We impose a constraint, say sum of $a_i = 0.$

This makes $\mu$ the UNWEIGHTED mean of the $a_i's$. My query is how does this help ? Sure we can estimate the 4 parameters $\mu,a_i's$ but this does not match with $\mu_{grand}$ the grand mean which is the weighted mean of the $a_i's$.

Given the weighted mean we can compare the a_i's to 0 to know if at least one of them is different to the weighted mean. But we cant compare with the unweighted mean because that is not what the one way anova is testing.

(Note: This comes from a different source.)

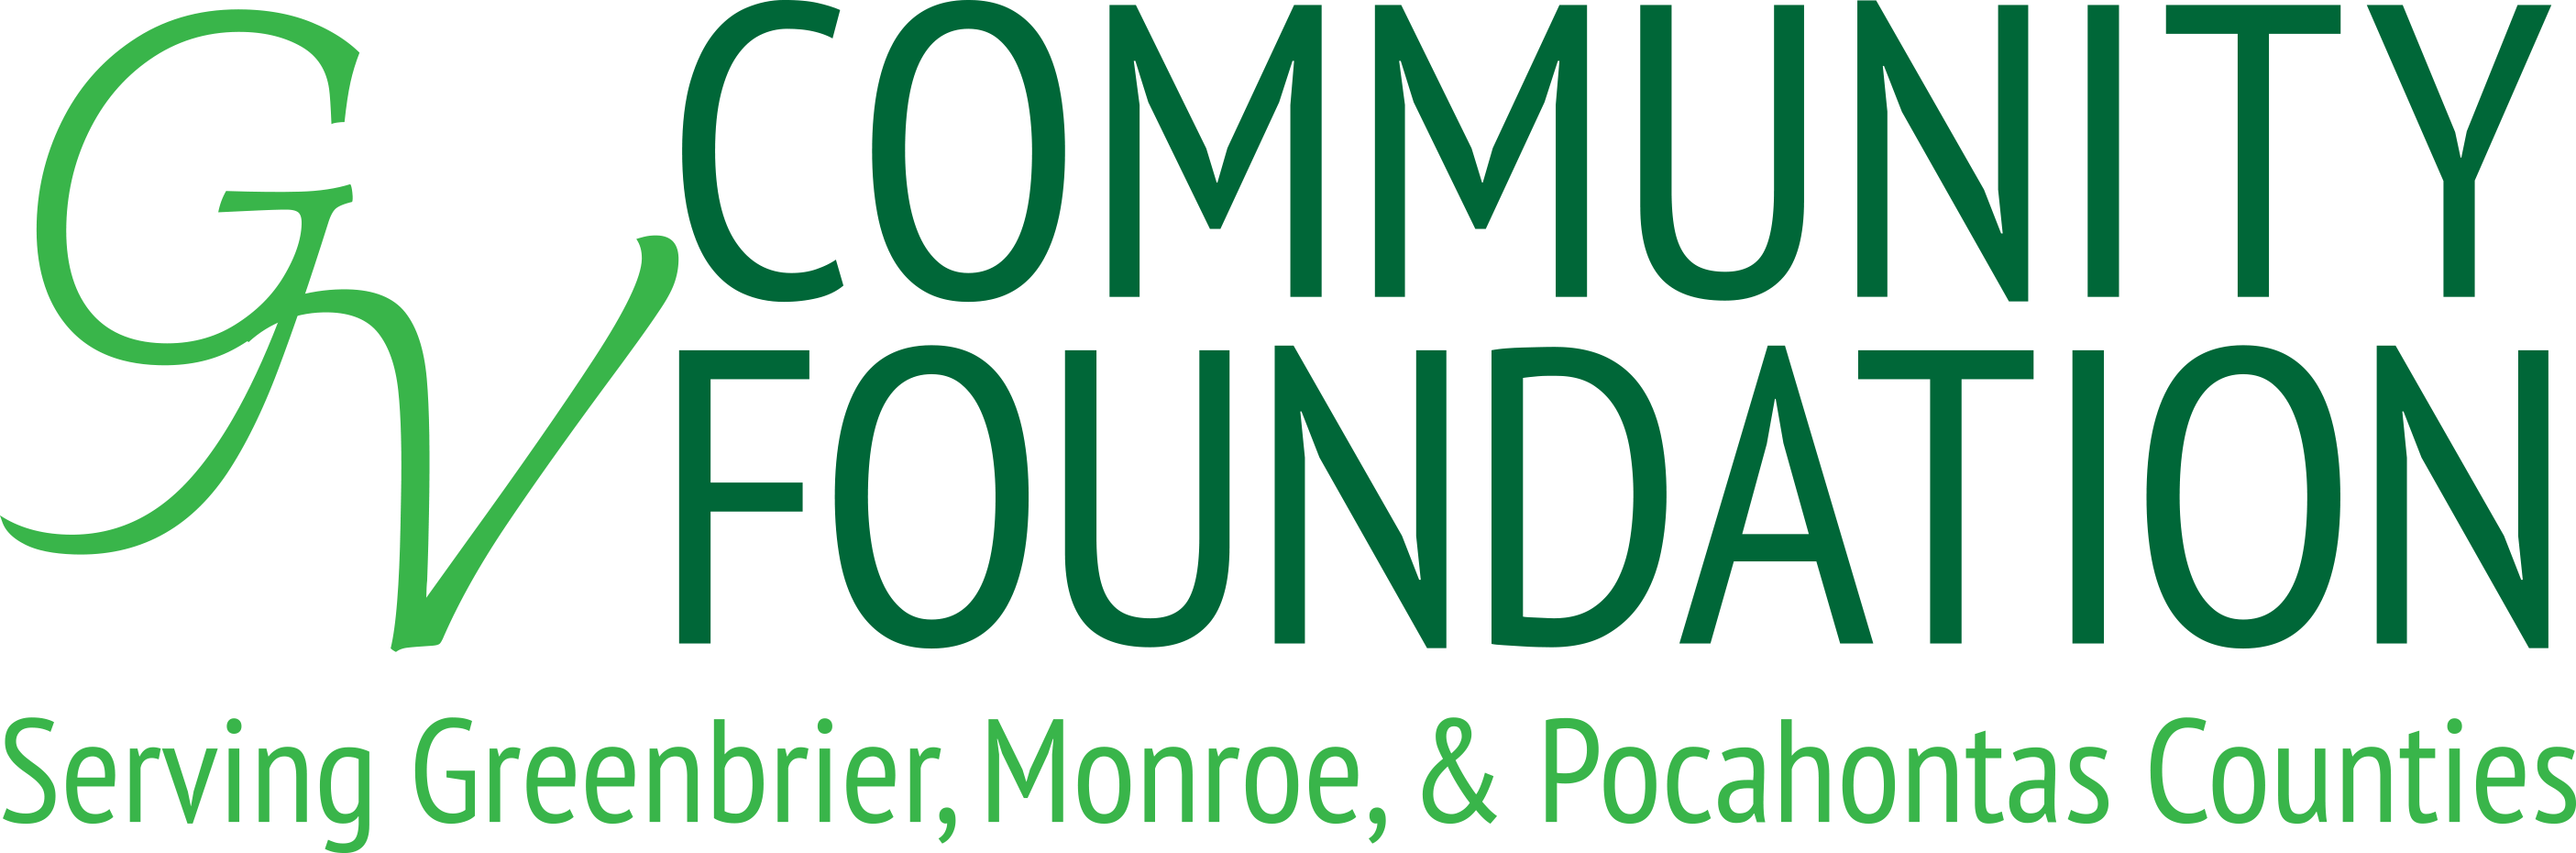 Logo_GV Community Foundation_2

So then how does imposing the sum to zero constraint help ? What is the intuition that it conveys?

Best Answer

Actually the 1-way ANOVA is testing if all the means in each group are equal to each other or not. i.e in your example if $\mu + \alpha_1 = \mu +\alpha_2 = \mu +\alpha_3 $. Obviously if they are all equal then they equal the grand mean, i.e. $\mu + \alpha_i $ would be the grand mean. But $\mu$ could be anything, 1,2, 50000 etc. and the $\alpha$'s would just change. The constraint changes the parameterisation of the model. The ANOVA table, sums of squares, F-test etc. will be the same irrespective of the constraint used. If $\mu$ were the grand mean then the null hypothesis that you are testing would be the same as testing if all the $\alpha$'s are zero. There are a lot of other possible constraints we could use on the model. We could set one of the treatment parameters to zero. Suppose that is $\alpha_1$. That may seem daft, but then the $\mu$ in your model is the mean for that treatment i.e. in this case treatment 1, $\alpha_2$ is the difference in mean between treatment 1 and treatment 2 and $\alpha_3$ is the difference in mean between treatment 1 and treatment 3. This is a common version of the model in drugs trials where treatment 1 is e.g. the placebo and we want to measure how a new drug differs from the placebo. To get the mu to be the grand mean the constraint would be $\sum_{i} r_i \alpha_i = 0 $ and not $\sum_{i} \alpha_i = 0 $, where $r_i$ is the number of observations in each group. i.e. the weighted sum of the treatments would give a model. However, as said above the constraint and parameterisation you use does not alter the ANOVA results.